Character information
| Preview | ね |  | ネ |  | ﾈ |  | ㋧ |  |
|---|---|---|---|---|---|---|---|---|
| Unicode name | HIRAGANA LETTER NE |  | KATAKANA LETTER NE |  | HALFWIDTH KATAKANA LETTER NE |  | CIRCLED KATAKANA NE |  |
| Encodings | decimal | hex | dec | hex | dec | hex | dec | hex |
| Unicode | 12397 | U+306D | 12493 | U+30CD | 65416 | U+FF88 | 13031 | U+32E7 |
| UTF-8 | 227 129 173 | E3 81 AD | 227 131 141 | E3 83 8D | 239 190 136 | EF BE 88 | 227 139 167 | E3 8B A7 |
| Numeric character reference | &#12397; | &#x306D; | &#12493; | &#x30CD; | &#65416; | &#xFF88; | &#13031; | &#x32E7; |
| Shift JIS | 130 203 | 82 CB | 131 108 | 83 6C | 200 | C8 |  |  |
| EUC-JP | 164 205 | A4 CD | 165 205 | A5 CD | 142 200 | 8E C8 |  |  |
| GB 18030 | 164 205 | A4 CD | 165 205 | A5 CD | 132 49 153 54 | 84 31 99 36 |  |  |
| EUC-KR / UHC | 170 205 | AA CD | 171 205 | AB CD |  |  |  |  |
| Big5 (non-ETEN kana) | 198 209 | C6 D1 | 199 101 | C7 65 |  |  |  |  |
| Big5 (ETEN / HKSCS) | 199 84 | C7 54 | 199 201 | C7 C9 |  |  |  |  |

==== Archaic forms ====
A second katakana ne, derived from the kanji 子, was used alongside ネ in Meiji-period textbooks and dictionaries, with attestations into the 1930s; it survives in personal names such as Kane Tanaka's (田中カ子), where the kanji 子 has stood in for it.
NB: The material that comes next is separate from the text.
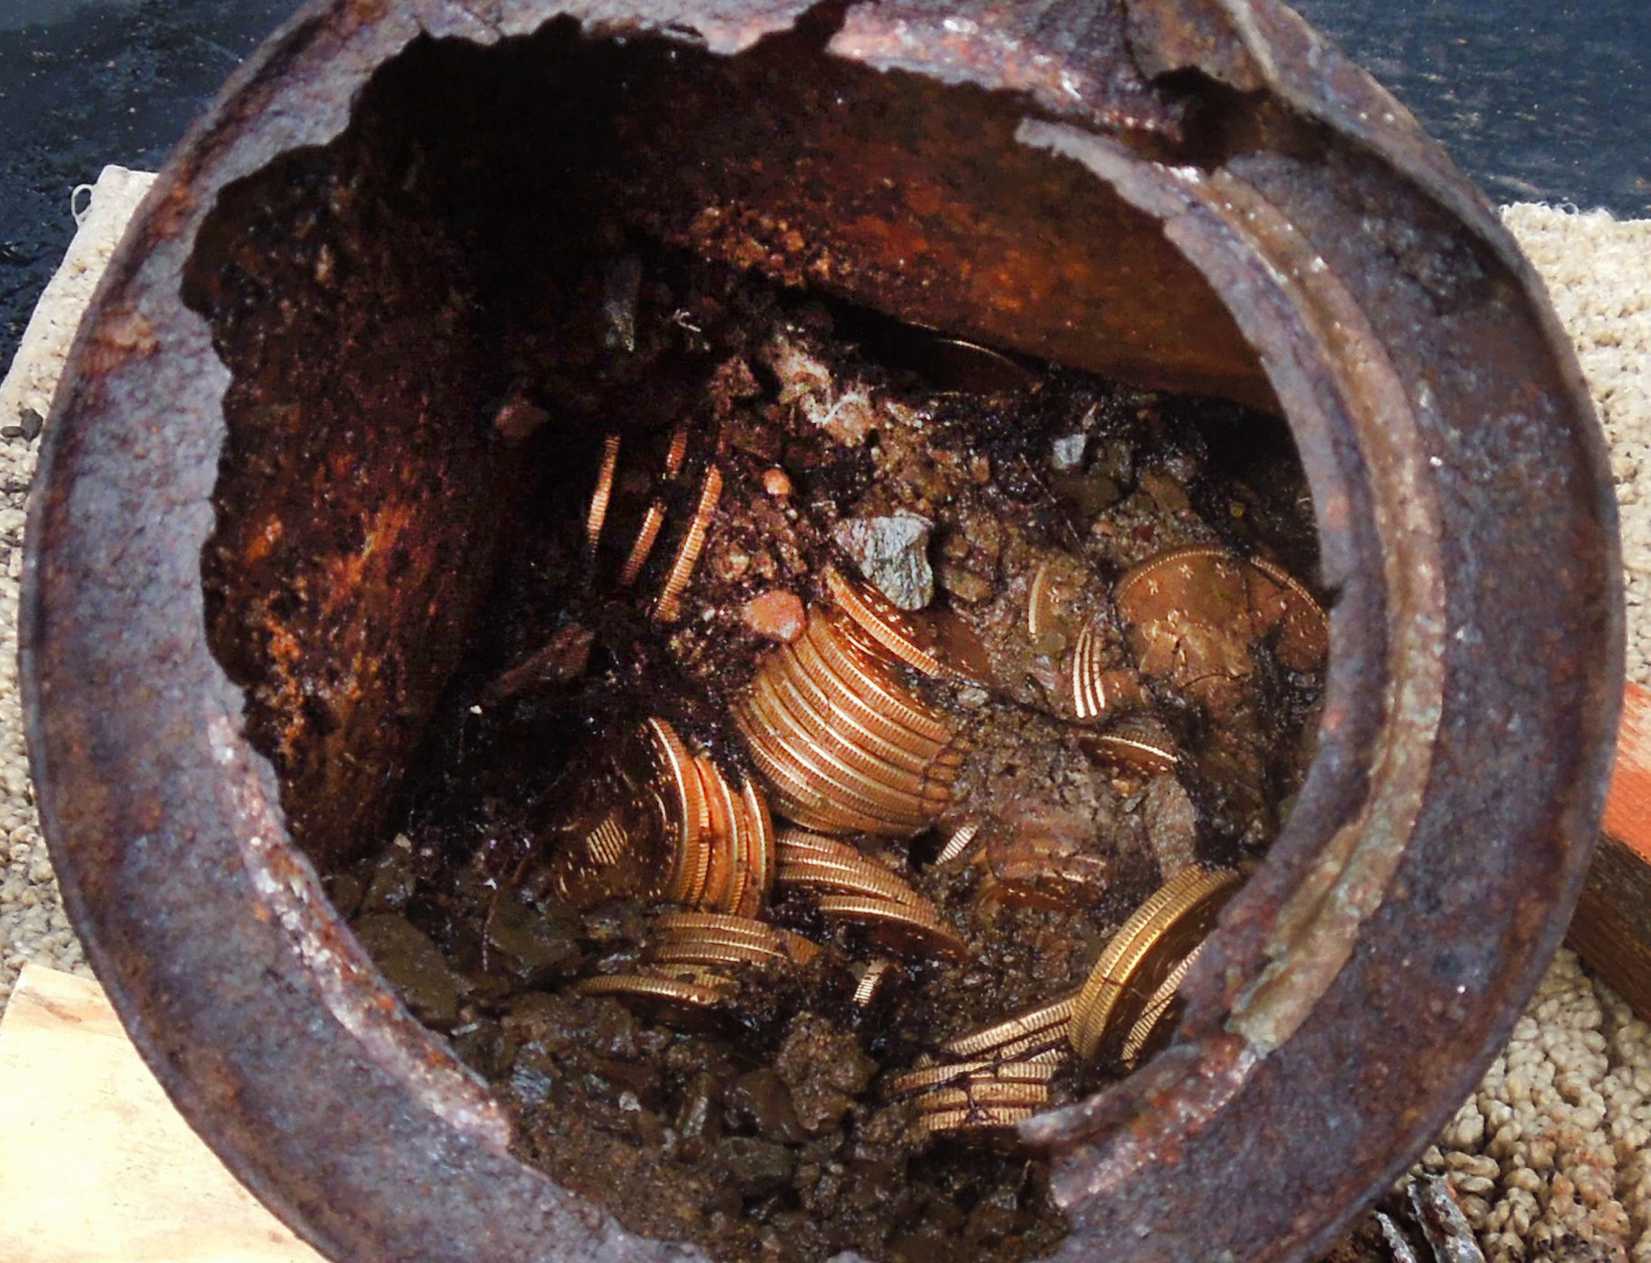 This image provided by the Saddle Ridge Hoard discoverers via Kagin's, Inc., shows one of the six decaying metal canisters filled with 1800s-era U.S. gold coins unearthed in California by two people who want to remain anonymous. (Saddle Ridge Hoard discoverers via Kagin's, Inc. / AP Photo)

Unicode 18.0 (September 2026) encoded it as U+1B127 KATAKANA LETTER ALTERNATE NE.

Character information
| Preview | 𛄧 |  |
|---|---|---|
| Unicode name | KATAKANA LETTER ALTERNATE NE |  |
| Encodings | decimal | hex |
| Unicode | 110887 | U+1B127 |
| UTF-8 | 240 155 132 167 | F0 9B 84 A7 |
| UTF-16 | 55340 56615 | D82C DD27 |
| Numeric character reference | &#110887; | &#x1B127; |

==In popular culture==

In the manga "Bobobo-bo Bo-bobo" ね is Jelly Jiggler's least favorite kana.